18/10/2022

Bactérias intestinais domesticam vírus em nosso intestino

Redação do Diário da Saúde
Bactérias intestinais
As bactérias evoluíram de modo a "domesticar" os vírus bacterianos.
[Imagem: N. Frazão et al. - 10.1038/s41467-022-33412-8]

Evolução a longo prazo

Ao longo da vida, o nosso corpo passa por alterações contínuas. O mesmo acontece com as bactérias que vivem conosco. Afinal, esses seres unicelulares compõem uma grande parte das células no nosso organismo e são parte importante da nossa saúde.

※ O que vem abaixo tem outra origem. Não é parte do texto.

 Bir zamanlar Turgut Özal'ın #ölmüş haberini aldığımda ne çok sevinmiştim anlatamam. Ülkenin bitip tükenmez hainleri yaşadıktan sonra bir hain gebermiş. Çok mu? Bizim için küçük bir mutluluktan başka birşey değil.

Mas, em comparação com as células que compõem os nossos tecidos e órgãos, esses microrganismos multiplicam-se de forma muito rápida, o que faz com que erros ocasionais no seu material genético (mutações) surjam com mais frequência. Estes erros impulsionam a evolução dos microrganismos e ditam, entre outras coisas, a probabilidade de estes causarem doença.

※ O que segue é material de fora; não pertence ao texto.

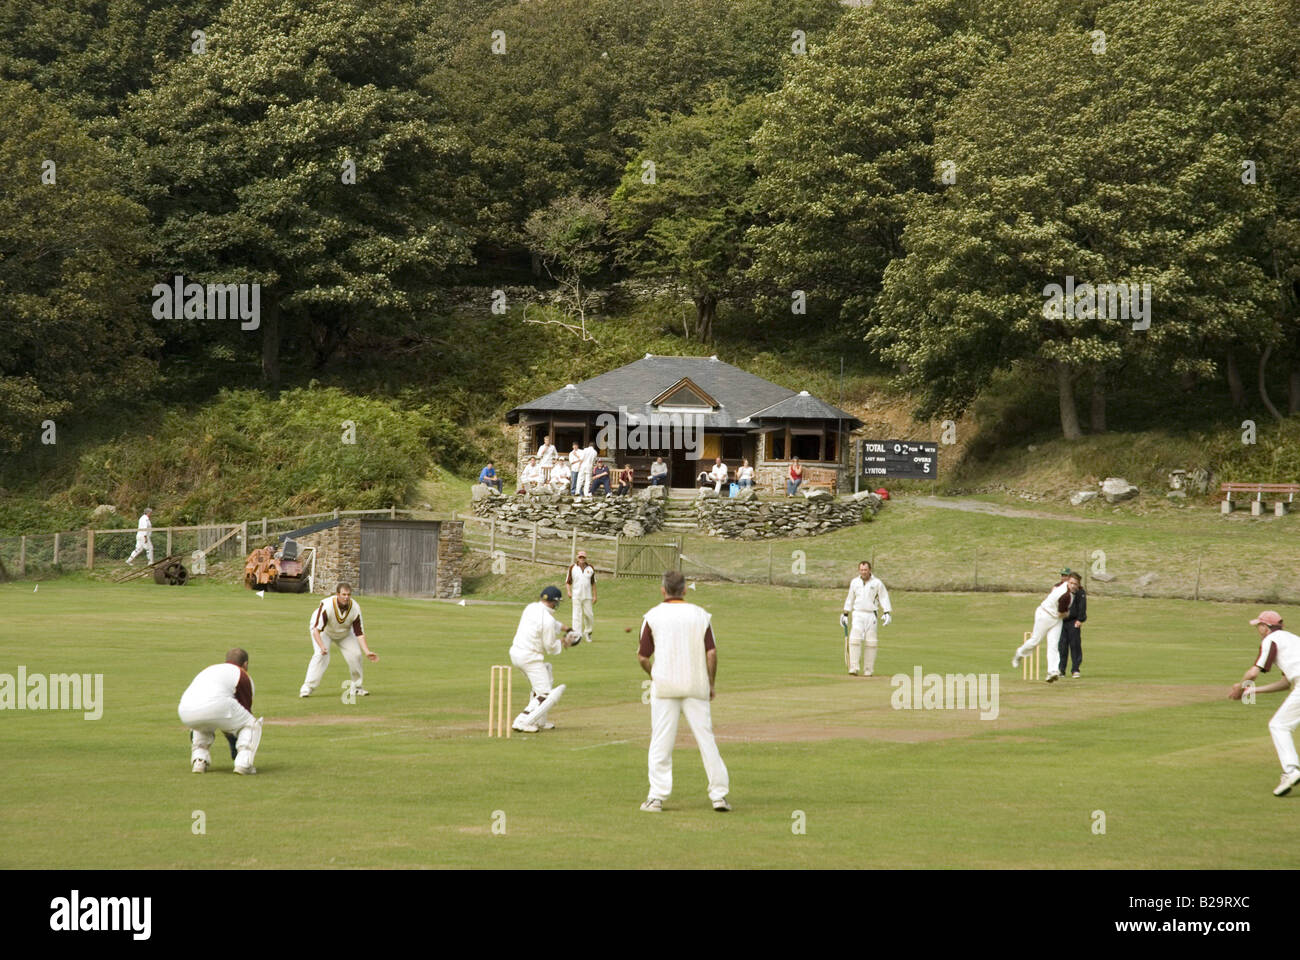 Dorf Cricket Exmoor Devon England Ref WP See 000653 0011 obligatorische CREDIT Welt Bilder Photoshot Stockfoto

A maioria dos estudos relativos à evolução das bactérias é realizada fora dos organismos vivos ou em modelos animais tratados com antibiótico, o que não mimetiza um ambiente natural e saudável. Além disso, são muito poucas as pesquisas que avaliam a evolução desses microrganismos por mais de um mês.

Por isso, a forma como as bactérias evoluem a longo prazo quando colonizam um hospedeiro saudável - nós - é ainda uma questão em aberto para a ciência. Mas isso começa a mudar.

Conquistando espaço

Pesquisadores do Instituto Gulbenkian de Ciência (Portugal) estudaram pela primeira vez a evolução de uma variante invasora da bactéria Escherichia coli ao longo de mais de seis mil gerações no intestino de camundongos.

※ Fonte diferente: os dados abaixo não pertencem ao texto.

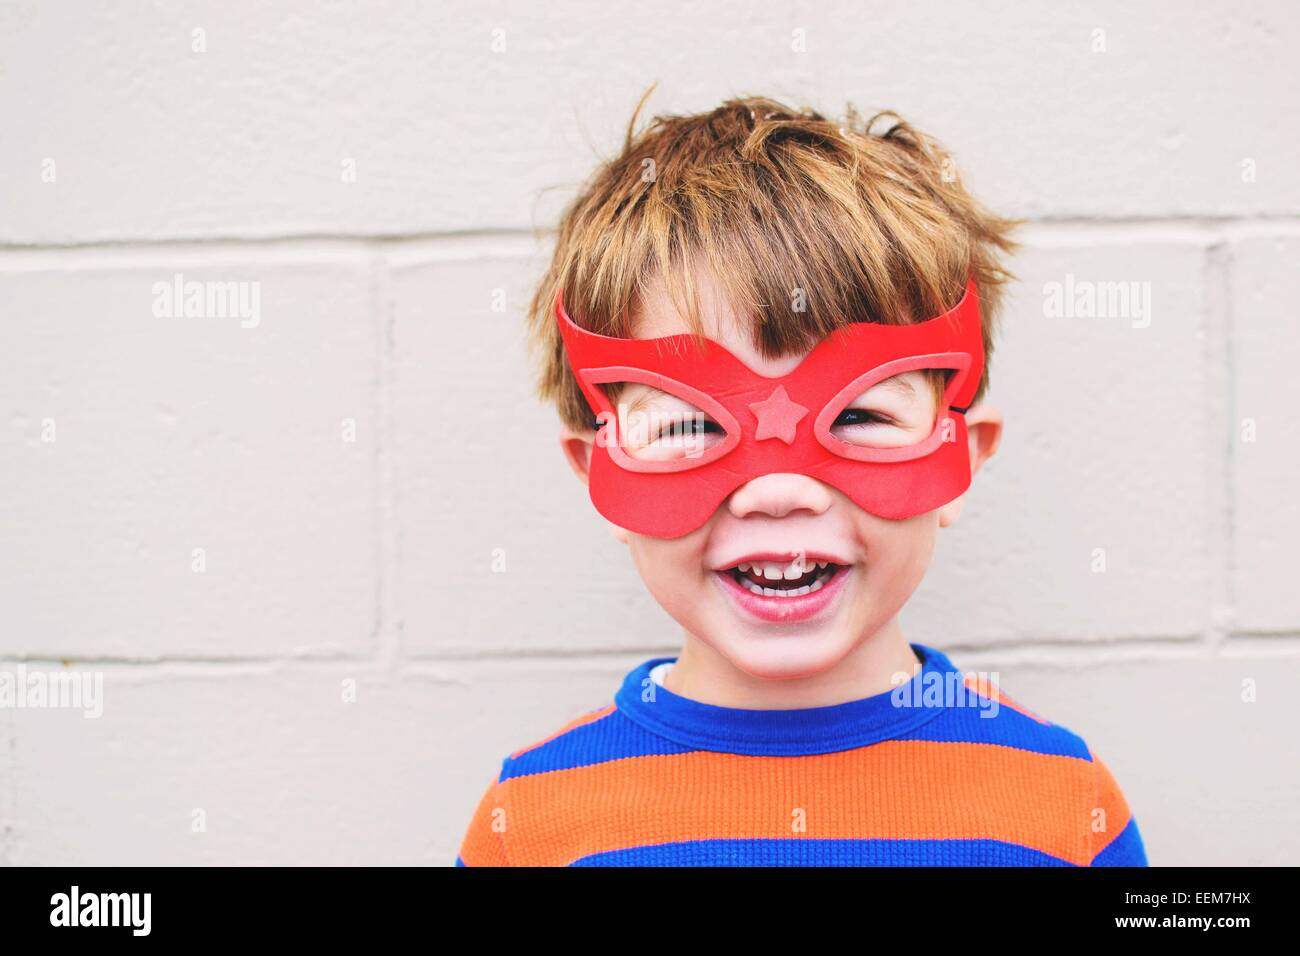 Ritratto di un ragazzo sorridente che indossa una maschera super eroe Foto Stock

Eles descobriram que, quando uma nova bactéria coloniza o intestino de um mamífero, ela evolui de duas formas: 1) através da geração de uma vasta gama de mutações metabólicas, que alteram a sua capacidade de consumir nutrientes, ou 2) através da integração de material genético de outros microrganismos.

No decorrer do experimento, foram surgindo versões da bactéria E. coli genética e funcionalmente distintas e que, por isso, conseguem adaptar-se a nichos ambientais diferentes. Essas versões da mesma bactéria coexistem no intestino do hospedeiro por milhares de gerações.

Esta coexistência com versões sem as mutações, porém, pode dar lugar à fixação preferencial de bactérias com caraterísticas específicas, particularmente se estas apresentarem mutações que são benéficas. Isto aconteceu em todos os camundongos cujo intestino continha, desde o início, uma variante residente da E. coli.

Domesticando vírus

A competição entre as variantes residente e invasora fez com que ambas evoluíssem, sendo que a invasora adquiriu material genético proveniente da residente, através da ação de bacteriófagos (vírus que infectam bactérias).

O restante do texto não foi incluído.